» Records to use
^^^^^^^^
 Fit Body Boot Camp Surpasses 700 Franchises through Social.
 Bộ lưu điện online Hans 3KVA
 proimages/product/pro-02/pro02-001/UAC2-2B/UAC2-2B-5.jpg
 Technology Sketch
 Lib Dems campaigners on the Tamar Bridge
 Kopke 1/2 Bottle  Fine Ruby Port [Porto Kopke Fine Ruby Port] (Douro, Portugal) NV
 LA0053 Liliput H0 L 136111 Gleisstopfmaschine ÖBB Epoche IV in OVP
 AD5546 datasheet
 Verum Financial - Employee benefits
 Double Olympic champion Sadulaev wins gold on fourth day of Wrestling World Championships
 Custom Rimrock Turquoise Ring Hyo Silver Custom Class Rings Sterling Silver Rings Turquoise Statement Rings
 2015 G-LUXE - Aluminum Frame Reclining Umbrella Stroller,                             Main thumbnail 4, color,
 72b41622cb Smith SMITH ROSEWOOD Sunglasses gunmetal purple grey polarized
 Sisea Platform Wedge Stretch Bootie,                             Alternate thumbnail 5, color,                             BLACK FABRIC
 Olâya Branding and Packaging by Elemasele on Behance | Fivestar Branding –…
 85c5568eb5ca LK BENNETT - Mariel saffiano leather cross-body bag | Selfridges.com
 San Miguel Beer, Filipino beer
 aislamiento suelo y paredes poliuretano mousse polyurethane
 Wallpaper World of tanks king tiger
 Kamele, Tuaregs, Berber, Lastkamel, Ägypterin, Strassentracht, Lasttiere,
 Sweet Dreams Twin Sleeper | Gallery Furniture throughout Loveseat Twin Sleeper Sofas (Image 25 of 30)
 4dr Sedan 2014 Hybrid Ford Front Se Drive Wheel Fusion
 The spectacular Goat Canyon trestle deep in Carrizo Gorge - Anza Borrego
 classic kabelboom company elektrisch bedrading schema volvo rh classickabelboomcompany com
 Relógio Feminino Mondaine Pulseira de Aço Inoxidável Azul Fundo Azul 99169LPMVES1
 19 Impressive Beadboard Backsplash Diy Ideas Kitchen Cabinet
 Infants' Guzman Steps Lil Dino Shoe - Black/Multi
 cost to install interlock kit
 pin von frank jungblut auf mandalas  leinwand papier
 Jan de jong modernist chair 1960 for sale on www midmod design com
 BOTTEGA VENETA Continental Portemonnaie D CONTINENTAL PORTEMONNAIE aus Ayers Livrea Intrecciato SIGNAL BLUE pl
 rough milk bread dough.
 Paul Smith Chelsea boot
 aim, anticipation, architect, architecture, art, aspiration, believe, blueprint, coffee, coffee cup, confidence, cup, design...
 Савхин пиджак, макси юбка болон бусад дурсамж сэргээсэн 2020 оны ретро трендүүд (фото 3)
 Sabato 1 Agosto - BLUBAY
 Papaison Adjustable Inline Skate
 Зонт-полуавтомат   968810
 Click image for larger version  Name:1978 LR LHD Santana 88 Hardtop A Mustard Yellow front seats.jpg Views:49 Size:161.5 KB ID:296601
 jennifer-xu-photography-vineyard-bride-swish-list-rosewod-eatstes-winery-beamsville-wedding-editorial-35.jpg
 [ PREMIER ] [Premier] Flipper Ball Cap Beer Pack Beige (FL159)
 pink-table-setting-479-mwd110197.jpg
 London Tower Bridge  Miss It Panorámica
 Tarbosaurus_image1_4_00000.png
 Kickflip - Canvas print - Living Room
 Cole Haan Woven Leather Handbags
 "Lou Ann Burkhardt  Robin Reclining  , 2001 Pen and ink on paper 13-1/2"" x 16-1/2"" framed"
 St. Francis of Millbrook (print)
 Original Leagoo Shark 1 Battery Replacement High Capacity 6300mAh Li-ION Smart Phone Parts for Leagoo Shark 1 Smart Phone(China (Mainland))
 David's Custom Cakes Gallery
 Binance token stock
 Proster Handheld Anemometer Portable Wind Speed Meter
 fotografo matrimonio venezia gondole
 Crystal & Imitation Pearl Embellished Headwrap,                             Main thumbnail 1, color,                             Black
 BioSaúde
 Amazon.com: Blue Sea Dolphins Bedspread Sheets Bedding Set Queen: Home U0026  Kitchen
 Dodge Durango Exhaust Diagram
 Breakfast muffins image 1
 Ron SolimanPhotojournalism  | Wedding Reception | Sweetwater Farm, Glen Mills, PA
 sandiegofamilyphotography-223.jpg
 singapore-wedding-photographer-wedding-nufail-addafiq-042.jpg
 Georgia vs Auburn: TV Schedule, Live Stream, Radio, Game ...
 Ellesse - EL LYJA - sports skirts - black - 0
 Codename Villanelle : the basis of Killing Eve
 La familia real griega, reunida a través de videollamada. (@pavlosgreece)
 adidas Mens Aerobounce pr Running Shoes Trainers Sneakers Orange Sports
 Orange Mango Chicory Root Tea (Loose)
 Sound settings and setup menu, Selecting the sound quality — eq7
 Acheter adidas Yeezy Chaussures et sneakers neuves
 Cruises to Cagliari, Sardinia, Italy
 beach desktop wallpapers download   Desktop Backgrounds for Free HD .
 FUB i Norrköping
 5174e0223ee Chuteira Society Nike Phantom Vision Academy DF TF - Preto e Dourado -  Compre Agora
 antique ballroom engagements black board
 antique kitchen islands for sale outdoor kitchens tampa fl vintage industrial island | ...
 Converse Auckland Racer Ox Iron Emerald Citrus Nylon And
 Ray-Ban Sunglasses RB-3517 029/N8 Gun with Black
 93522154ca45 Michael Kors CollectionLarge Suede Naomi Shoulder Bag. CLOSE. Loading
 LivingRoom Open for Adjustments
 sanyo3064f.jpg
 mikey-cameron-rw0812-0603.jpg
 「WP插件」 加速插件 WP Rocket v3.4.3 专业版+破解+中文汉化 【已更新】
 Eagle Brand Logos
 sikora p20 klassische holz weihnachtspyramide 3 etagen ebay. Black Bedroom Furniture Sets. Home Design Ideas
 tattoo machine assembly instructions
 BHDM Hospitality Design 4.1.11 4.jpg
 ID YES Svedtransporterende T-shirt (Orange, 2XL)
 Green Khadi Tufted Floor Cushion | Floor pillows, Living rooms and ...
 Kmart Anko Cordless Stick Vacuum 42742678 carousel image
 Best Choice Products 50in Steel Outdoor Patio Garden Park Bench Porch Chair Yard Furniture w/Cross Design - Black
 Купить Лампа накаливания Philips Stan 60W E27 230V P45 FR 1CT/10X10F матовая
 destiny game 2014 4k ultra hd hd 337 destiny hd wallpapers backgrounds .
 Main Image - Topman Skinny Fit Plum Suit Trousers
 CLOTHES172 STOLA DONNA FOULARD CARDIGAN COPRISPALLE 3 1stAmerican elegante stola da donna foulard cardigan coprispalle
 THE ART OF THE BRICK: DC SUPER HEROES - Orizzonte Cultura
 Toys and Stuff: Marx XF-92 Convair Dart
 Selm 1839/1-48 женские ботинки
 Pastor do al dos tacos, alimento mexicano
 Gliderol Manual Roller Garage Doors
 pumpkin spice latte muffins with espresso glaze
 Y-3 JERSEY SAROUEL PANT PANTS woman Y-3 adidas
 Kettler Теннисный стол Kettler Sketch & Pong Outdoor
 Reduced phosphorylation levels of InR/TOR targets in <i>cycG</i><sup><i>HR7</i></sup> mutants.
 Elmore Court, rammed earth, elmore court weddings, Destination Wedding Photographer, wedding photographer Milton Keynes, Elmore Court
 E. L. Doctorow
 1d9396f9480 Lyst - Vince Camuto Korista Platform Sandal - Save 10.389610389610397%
^^^^^^^^
» Your objective
Write out, from the lines above, only those from the line with "Ray-Ban Sunglasses RB-3517" to the line with "BHDM Hospitality Design 4.1.11 4.jpg", exactly as given, including the first and the last.

» Answer area
 Ray-Ban Sunglasses RB-3517 029/N8 Gun with Black
 93522154ca45 Michael Kors CollectionLarge Suede Naomi Shoulder Bag. CLOSE. Loading
 LivingRoom Open for Adjustments
 sanyo3064f.jpg
 mikey-cameron-rw0812-0603.jpg
 「WP插件」 加速插件 WP Rocket v3.4.3 专业版+破解+中文汉化 【已更新】
 Eagle Brand Logos
 sikora p20 klassische holz weihnachtspyramide 3 etagen ebay. Black Bedroom Furniture Sets. Home Design Ideas
 tattoo machine assembly instructions
 BHDM Hospitality Design 4.1.11 4.jpg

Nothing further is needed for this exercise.